Morphology of C. trachomatis L2 inclusions developed in host cells exposed to 5 mM Lys 30 min before infection and until 48 h after infection. The major characteristic observed was the frequent presence of multiple RB-like forms that were enveloped, together with a single outer membrane. Notice the obvious loosening of the outer membrane (arrowhead). EB-like forms were also present (arrow). Bar, 2 μm.

FIG. 6.

Growth-inhibitory effects of excess Phe, Met, Ile, or Leu on C. trachomatis L2 can be simply reversed by additive removal. Left panels represent infected cell cultures that were continuously exposed to one of the additives for 72 h. Right panels represent infected cells that were incubated for 48 h with medium supplied with exogenous amino acids and for additional 24 h without additives in an attempt to restore the growth of inclusions. Replacement of medium generated an apparent recovery of inclusions (green). Bar, 10 μm.

FIG. 7.

Distribution of the autophagosome-associated markers in cell monolayers infected with C. trachomatis. (A and B) Fluorescence localization of the autofluorescent marker MDC in HEp-2 cells as visualized by conventional epifluorescence microscopy.

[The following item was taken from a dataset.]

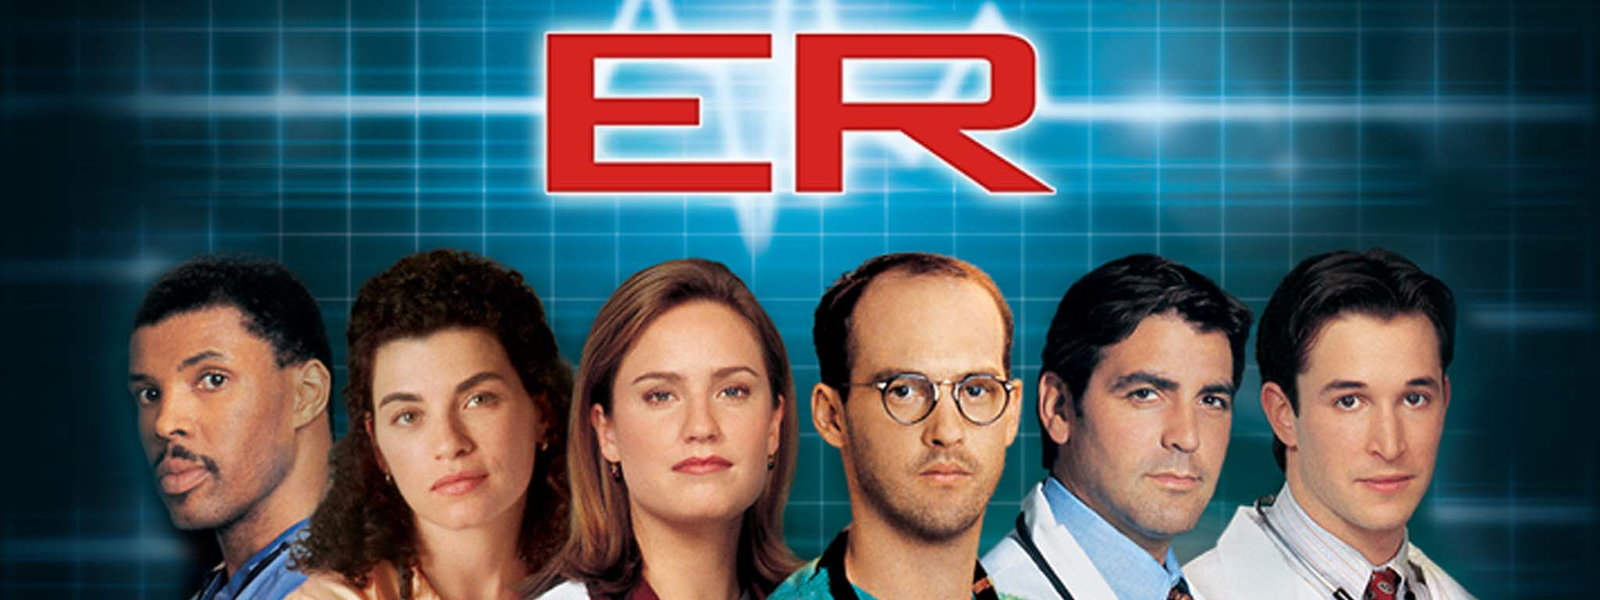 Throwback Thursday: ER On Hulu

MDC (small arrows) did not accumulate in chlamydial inclusions (large arrows). The corresponding phase-contrast image of panel A is shown in panel B. (C and D) MAP-LC3 distribution in cell cultures infected for 43 h. Confocal images revealed concentration of MAP-LC3-positive structures (red) adjacent to the inclusion (arrow). Panel D is a phase-contrast image of panel C. (E to H) Confocal images showing the distribution of calreticulin in cells infected for 43 h in the absence of additives (E) or in the presence of 1 mM Leu (F), Ile (G), or 3-MA (H). Chemicals were added at 19 h p.i. for additional 24 h. Cells were then fixed and stained with suitable antibodies.